The augengneisses of the Montagne Noire are not a Precambrian basement, but Ordovician granites intruding a Lower Palaeozoic or Proterozoic sedimentary series. That was already proposed 15 years ago by Bard [4] on the basis of a petrologic and structural study. Similar ages were found in the eastern Pyrenees by Delaperrière [6] and Deloule et al. [7] for the gneisses of the Canigou dome. The consequences for the Variscan belt are very important.
- – The first one is a direct structural consequence: the hypothesis of large recumbent folds with a gneissic core and inverted limb may be ruled out even if the gneisses are intensely sheared and involved in southward facing nappes in both areas [16].
- – The second one is, the question of the location of the old Precambrian crystalline basement in the Variscan Belt: only very small gneissic outcrops around 2 Ga exist in northern Brittany and the Channel islands. Apart that, everywhere the rocks found beneath the Cambrian rarely exceed 650 Ma.
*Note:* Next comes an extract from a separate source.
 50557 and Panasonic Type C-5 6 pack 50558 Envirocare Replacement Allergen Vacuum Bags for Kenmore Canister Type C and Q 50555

Other remnants of the old basement around 2 Ga are found by dredging west of Iberia in the Galicia bank [9], which is the probable continuation of the northern Brittany on the southern branch of the Ibero-Armorican Virgation. Other remnants of same age are found by dredging offshore north of Iberia as pebbles in a Cretaceous breccia. These rocks (BP granulites), which were uplifted by the Pyrenean tectonics, could represent the deepest basement beneath the Upper Proterozoic sediments in the autochthonous substratum of the Cantabrian nappes.
Why the deep crystalline Precambrian basement (2 Ga) outcrops so rarely in the Variscides? Probably because it was reworked and buried beneath thousands of metres of Proterozoic (Panafrican orogeny) and Lower Palaeozoic sediments (passive margin) before the Variscan tectonics.
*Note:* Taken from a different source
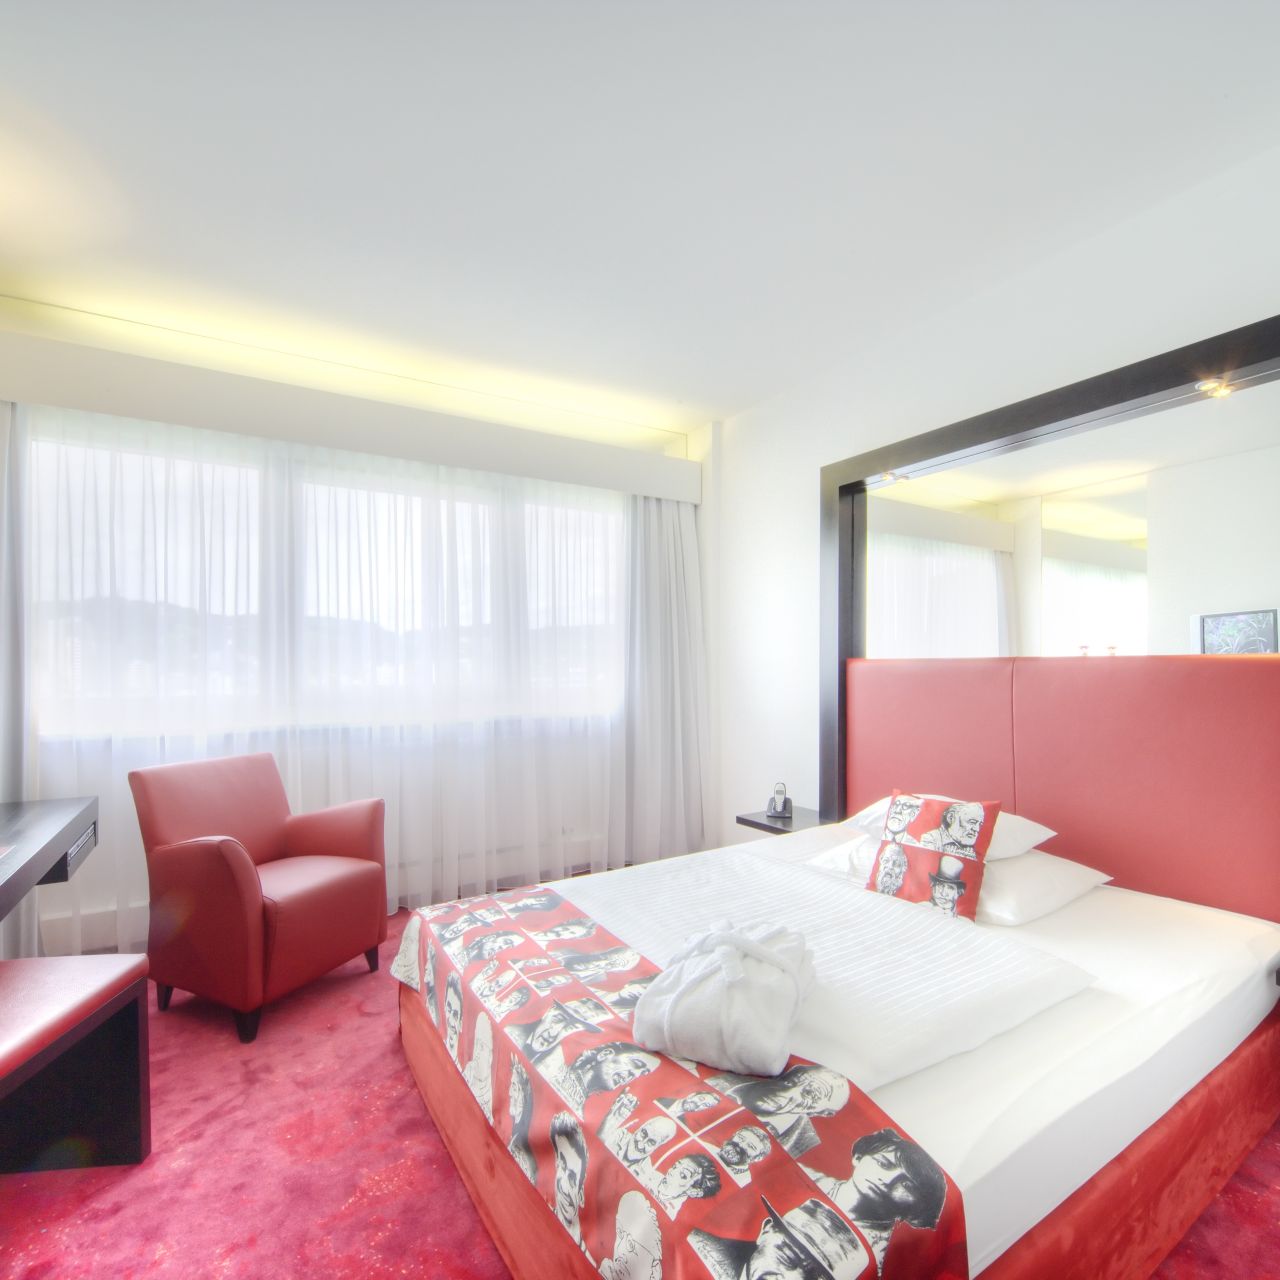 Hotel Arcotel Nike - Linz - Great prices at HOTEL INFO

What is the geodynamic meaning of the Ordovician granitic magmatism? Convergence or extension? Rift or arc? Both hypotheses have been proposed. In some places where the Ordovician (480 Ma) granitoids are typically peralkaline, as in southern Portugal [11], the rift origin is clear. For other calk-alkaline granites similar to those of the Montagne Noire and the Pyrenees, as the Central Iberian Ordovician volcanism and magmatism [13], an arc origin was pointed out [16]. Nevertheless, if we take into account the general geodynamic setting during Ordovician times, we favour more extension than convergence. Firstly, the Ordovician period corresponds to the opening of oceanic basins, particularly in the Massif Central [12] where remnants of oceanic crust are dated at 480 Ma [14]. Secondly in other continental parts of the belt, like the Montagne Noire, the thick Ordovician sediments are typical of extensive passive margins. Finally, structural evidences of normal faulting during Ordovician, leading to block tilting and angular unconformities, were described in various parts of the Variscides, as in central Brittany [3] or northwestern Iberia [5] and eastern Pyrenees.
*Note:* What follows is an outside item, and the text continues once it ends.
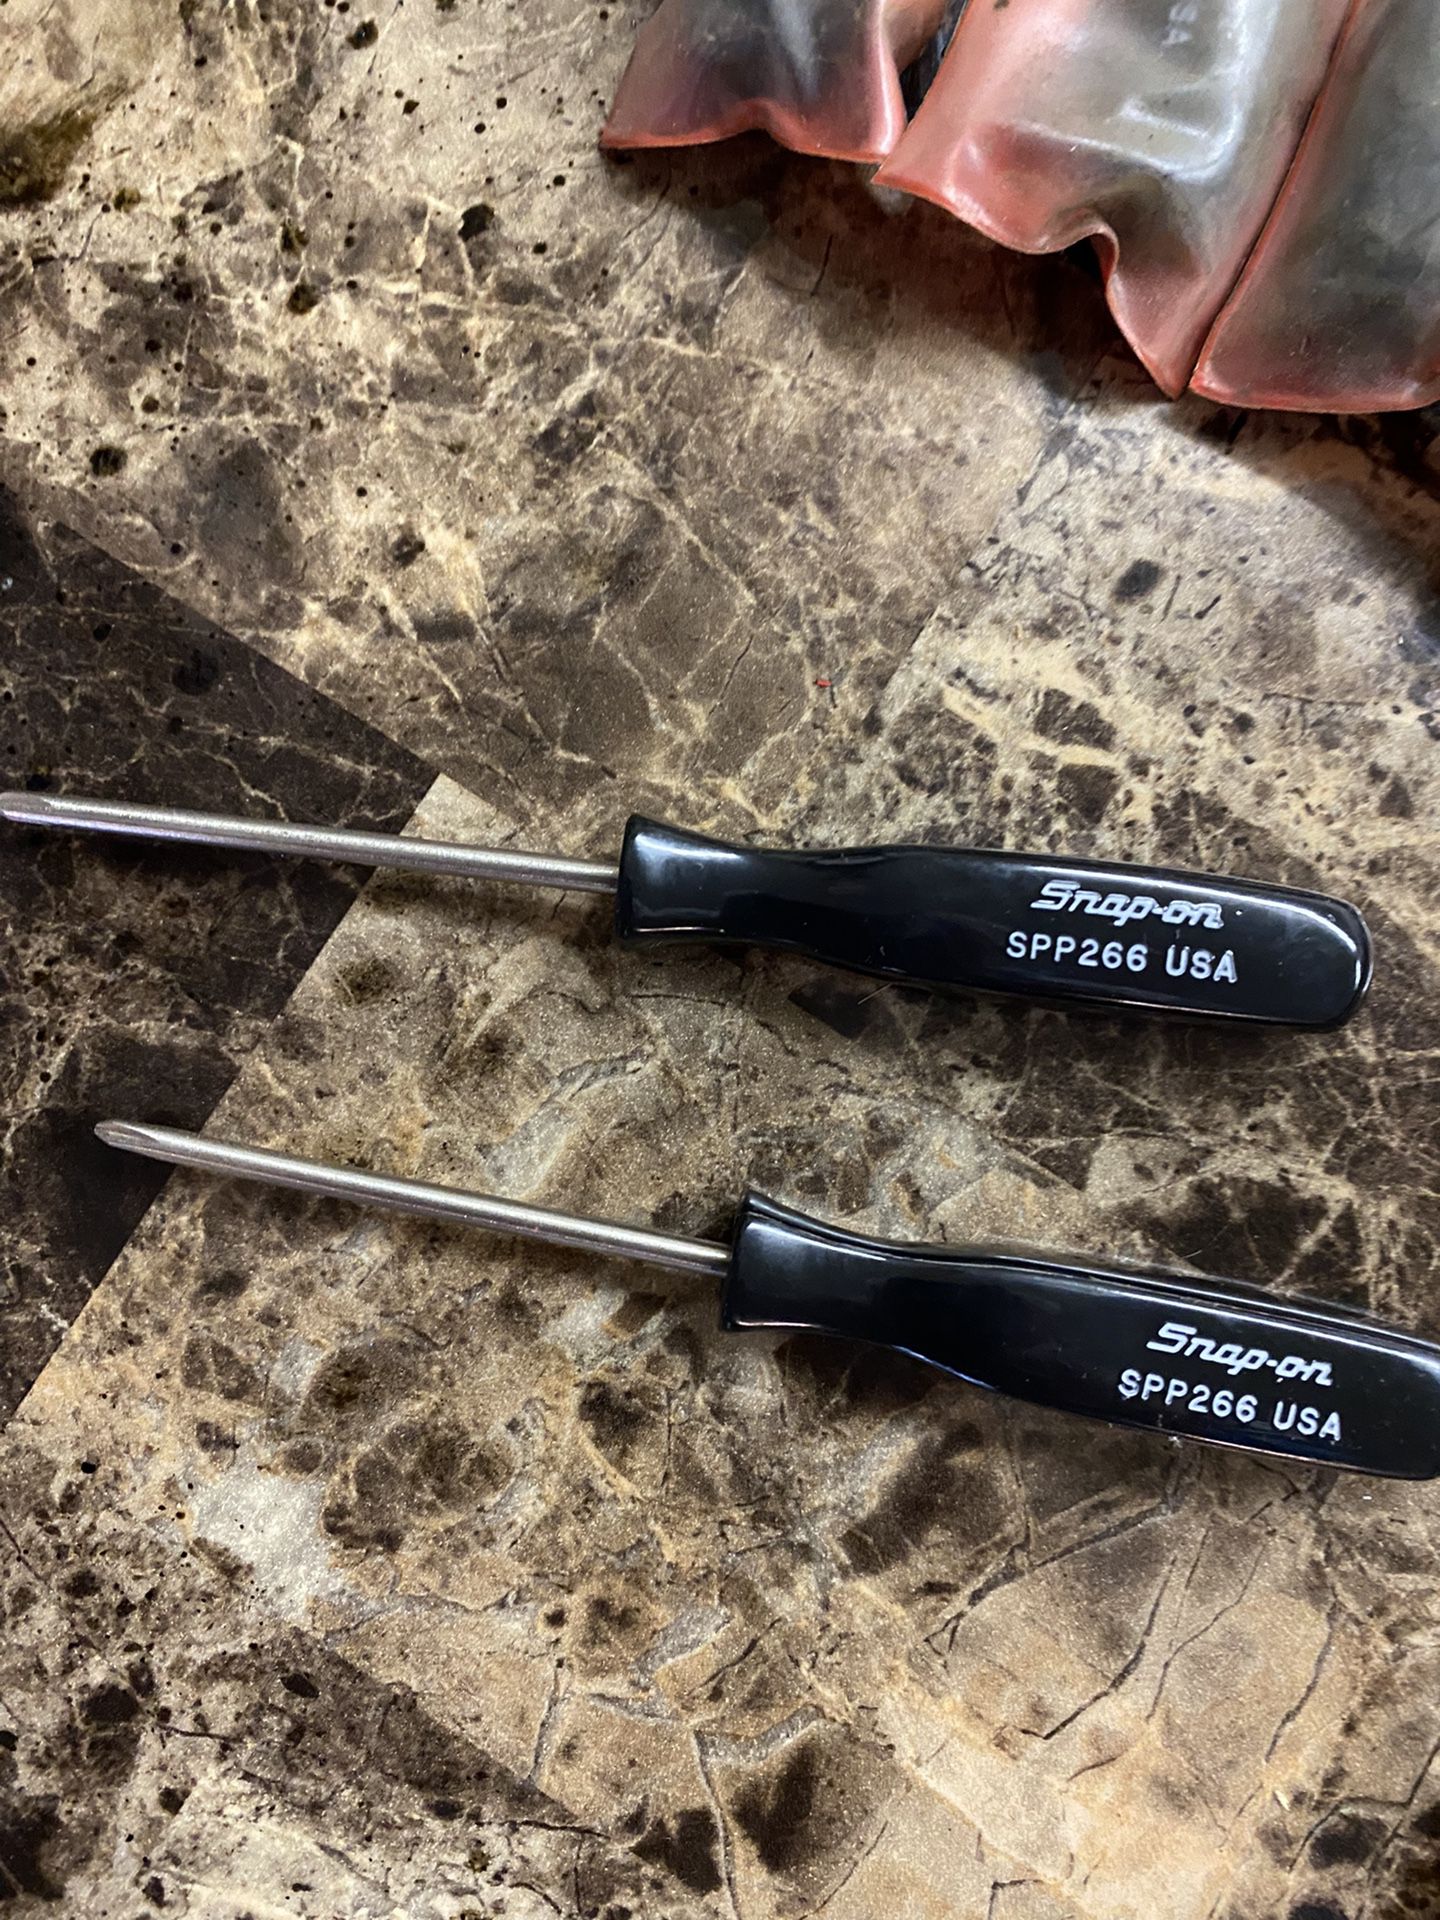 Snap On Phillips Screwdrivers

What are the perspectives resulting of this new work?
- – Firstly it is evident that geochronology (if possible multi-method) is necessary for a better understanding of the deep structures of the Variscides. Especially in the Massif Central, it is crucial to distinguish among the various orthogneisses Ordovician and possibly older ones. Very few are dated and not by modern methods.
- – A second point is to better understand the Lower Palaeozoic granitic magmatism, particularly its geodynamic meaning. For that, geochemical studies are necessary and especially εNd values.
- – Careful mapping would be useful to better understand the emplacement mechanisms. Why these orthogneiss are so concordant with the bedding/foliation plane as in Montagne Noire? Because they are laccolites? Or only because they are flattened and sheared by the Variscan tectonics? Did they develop contact metamorphism before the Variscan regional metamorphism?